The diagnostic performances of the random forest classifier based on five different gene panels. In this figure, the proposed panel (blue panel) performs better than the ones obtained from Clinvar (red panel), the panels proposed by Singhal et al.25 (purple panel) and Doughty et al.16 (green panel) and also the differentially expressed genes (FDR-corrected p-value\(<0.05\) and \(|\log _{2}\)(fold change)\(|>=1.5\)) (DEGs) (olive-tone panel) in terms of the ability to distinguish between healthy volunteers and the breast cancer patients. In this figure, the black dot inside each box plot represents the mean AUC value and the dash line represents the highest median AUC value.

Discussion

We investigate the novelty of our identified genes by checking their overlap with other available variant-driven gene panels for AML (Fig. 7). Although 58% of the proposed genes are not included in the other panels, the classification and pathway analysis based on these genes achieves the best results. The gene differences between the proposed panel and Clinvar could arise from the fact that Clinvar is a manually curated database. In principle, manual curation is expected to yield very accurate but possibly incomplete annotations, which is consistent with the smaller number of genes included in the Clinvar panel. The consideration of only the title and abstract of the articles for extracting the variants by Singhal et al.25, could be the reason for the gene differences between these two panels. We also investigate the percentage of the identified AML-related variants which are mentioned in the title and abstract sections of the articles, and compared them with those that are mentioned in the full body of the articles but not in the title and the abstract. Figure 8 visualizes the variant overlaps and differences between these sections. As the figure shows, about 89% of the variants mentioned in an article do not appear in the title and the abstract sections, which emphasizes the need to analyze the entire text of the articles. This represents a significant limitation of the existing methods that use only the title and abstract sections of an article for indexing variants. The venn diagrams for other case studies are included in the Supplementary Materials.

Figure 7
figure 7

An overview of the gene overlaps and differences between the variant-driven gene panels. The proposed gene panel (MAGPEL) consists of 229 genes. The AML-related gene panel obtained from Clinvar and Mastermind includes 53 and 313 genes, respectively and the one proposed by Singhal et al.25 includes 76 genes.

Figure 8
figure 8

An overview of the overlap and differences between the variants mentioned in the title and abstract sections of the articles (green) and those that are appear in the full body of the articles but not in the title and abstract section (gold).

Conclusion

The number of articles describing the disease-related variants is rapidly increasing.
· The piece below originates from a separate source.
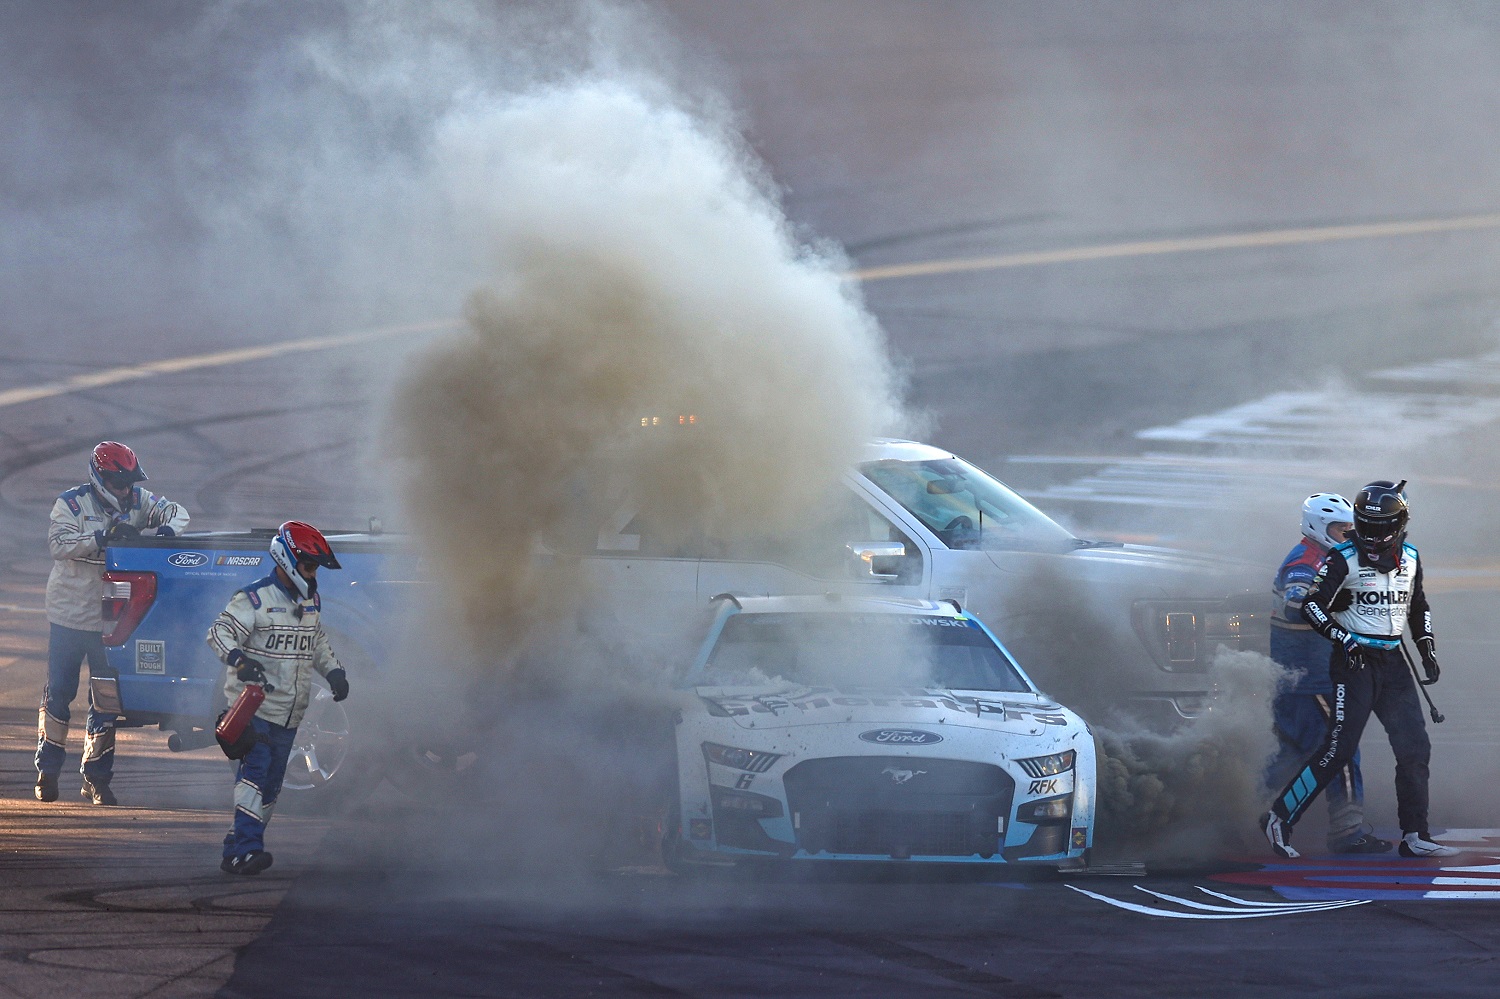 NASCAR safety crews arrive to extinguish flames from the No. 6 Ford as Brad Keselowski walks away after an on-track incident at Phoenix Raceway on Nov. 6, 2022.

This highlights the pressing need for the development of automated tools that are able to extract the variant-disease associations from literature. In this article, we implement an automated framework to extract the variant-gene-disease associations from the full-length biomedical literature and design an evidence-based variant-driven gene panel for a given disease. The identification of the variant-relevant articles using word cloud analysis, and the consideration of the full-length articles are the main contributions of the proposed framework. We illustrate the utilities of the proposed variant-driven gene panels in capturing the mechanisms involved in AML, prostate cancer, and breast cancer using 27 independent gene expression datasets containing a total 2,109 patients. The results show that the proposed gene panel outperforms the other published gene panels in terms of the ability to predict the patients’ clinical outcome.